1. Patients launch $1.27 million crowdfunding campaign for ME/CFS gut microbiome study.
    Check out the website, Facebook and Twitter. Join in donate and spread the word!
A Little Poisoning Along the Road to ME/CFS
Looking at my symptoms, many of which are far less these days and some are gone, it would be easy to figure that I'd just been dealing with some heavy-duty menopausal issues.
Discuss the article on the Forums.

strange heart symptoms

Discussion in 'Autonomic, Cardiovascular, and Respiratory' started by jimmy86, Oct 27, 2013.

  1. jimmy86

    jimmy86

    Messages:
    47
    Likes:
    34
    Hi everyone,

    let me tell you about a symptom I have experiences a few (maybe 3 or 4) times in the last 5 years. It almost always starts when I am sitting or lying. It begins that my heart rate goes up (>120), I start to feel extremely twitchy and nervous (not so much anxious though, more like excited but in a bad way), I have a urge to move around, and I don't realize what is going on around me anymore.

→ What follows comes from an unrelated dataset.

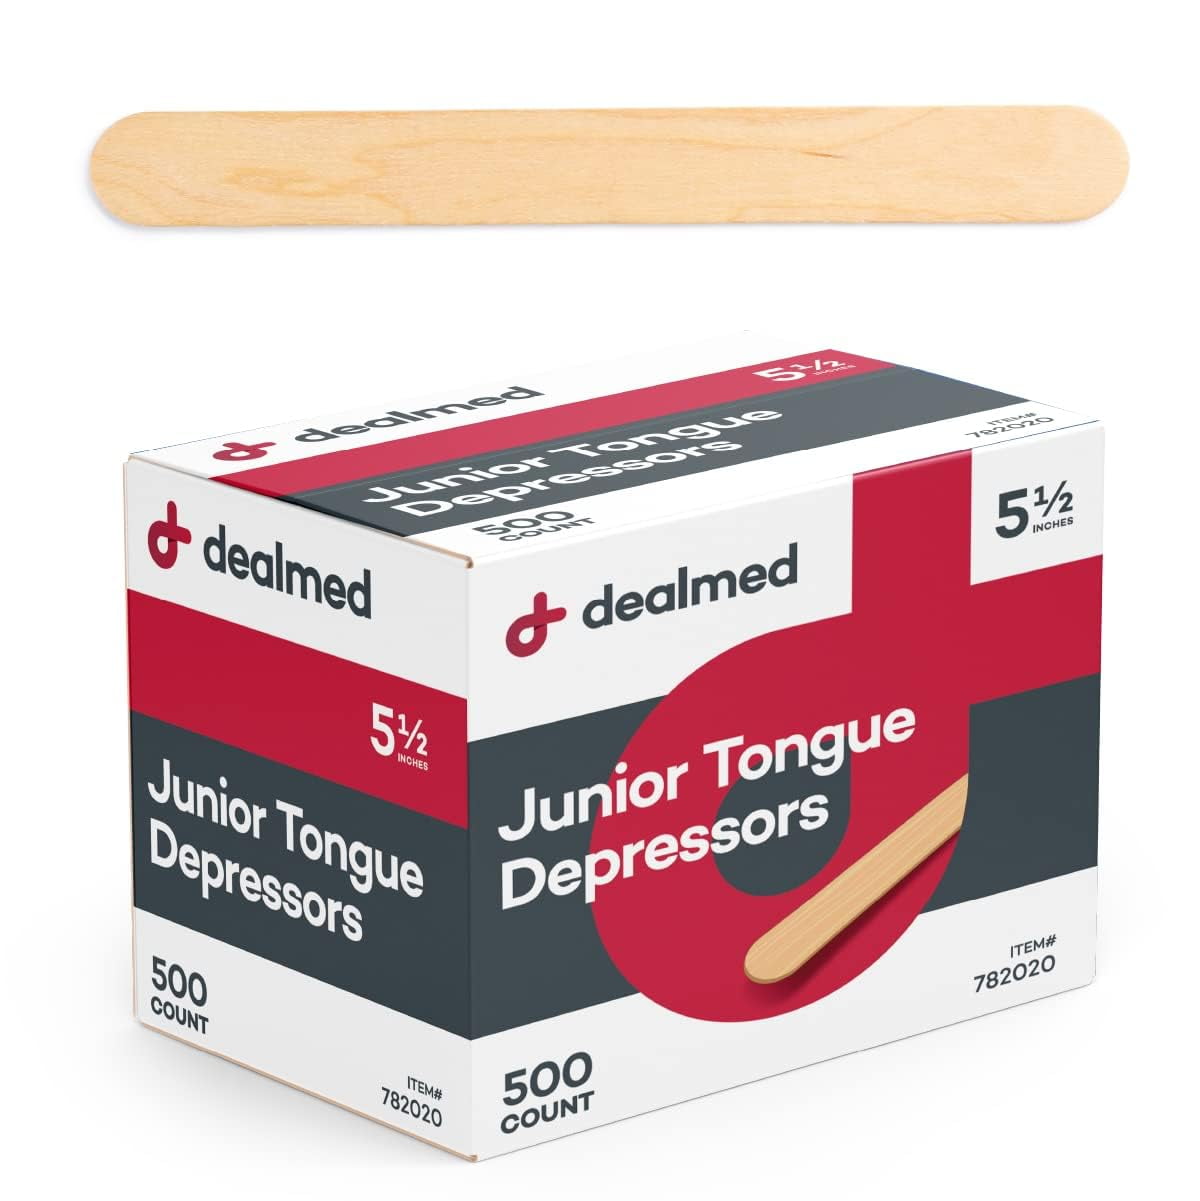 Dealmed 5.5” Junior Tongue Depressors – 500 Non-Sterile Wood Tongue  Depressor Sticks, Can Be Used as Tongue Depressors for Crafts, in Medical
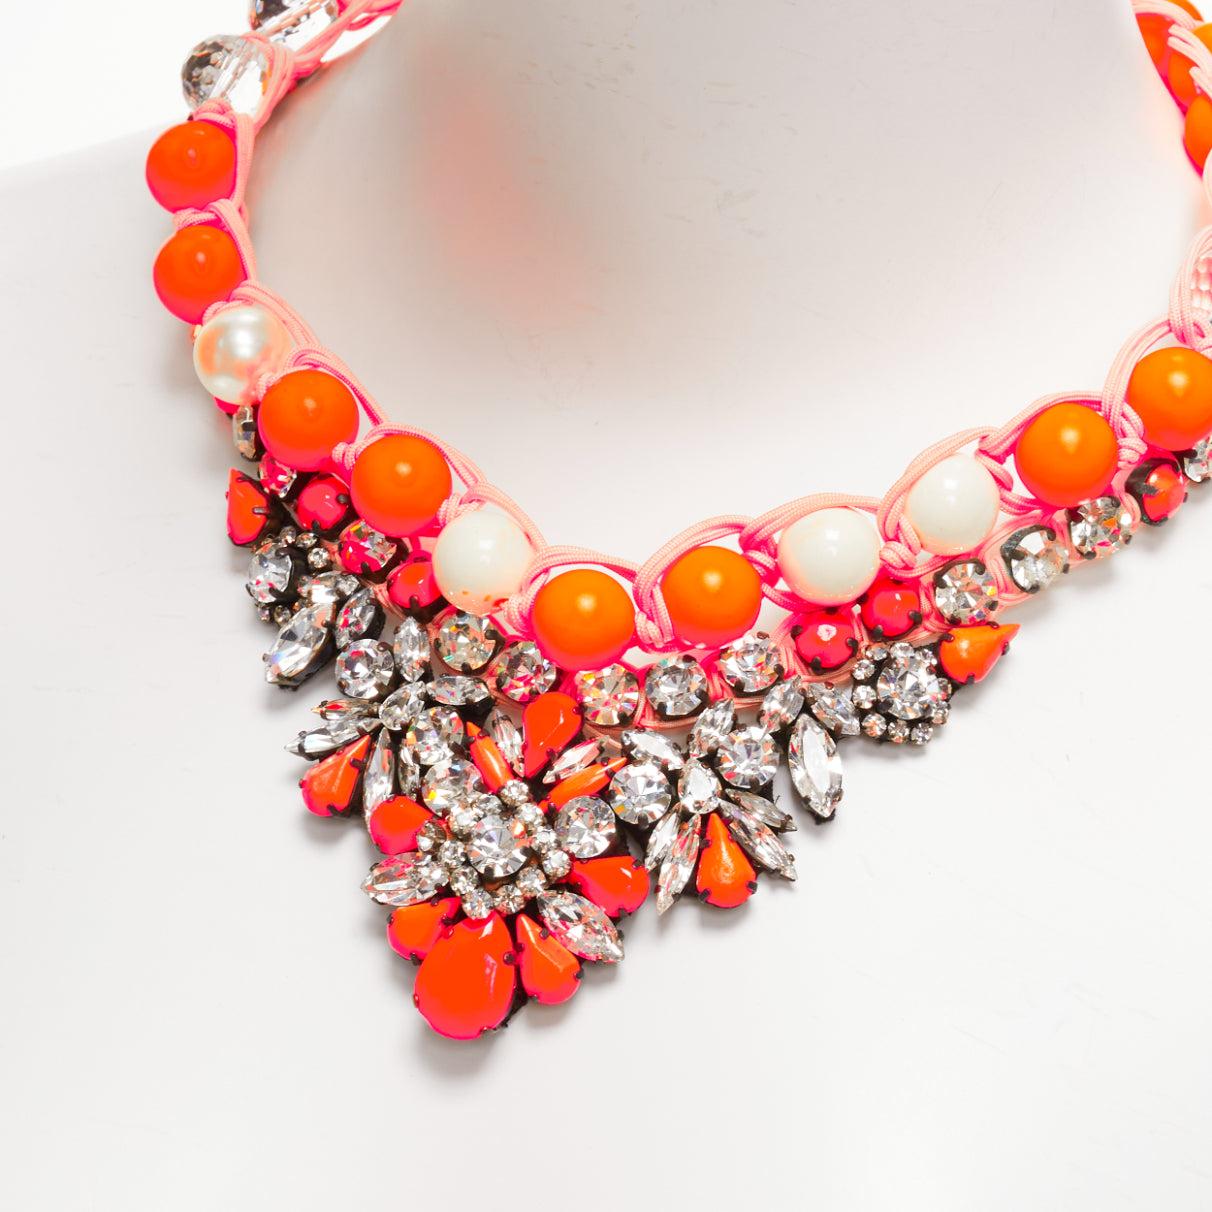 SHOUROUK neon orange clear crystal beads rope chain choker necklace For Sale 2

    Also my hands get red, and I get flushes in my hands and feet, I start to feel weak and tremble. Finally, I have some sensations in my left elbow (which I have from time to time without the other symptoms) and at some point I feel like fainting.

    I do NOT, however, have any kind of pressure on my chest (what you would expect for heart attack...) When it happened I just got up, walked around, drank some water and it got better slowly.

    Does anyone know what could cause this? Do you think it is a heart disease thing, something related to blood sugar, thyroid or anything else??? I think what triggers it is stress and not enough exercise (the little I can do...), that is sitting too much...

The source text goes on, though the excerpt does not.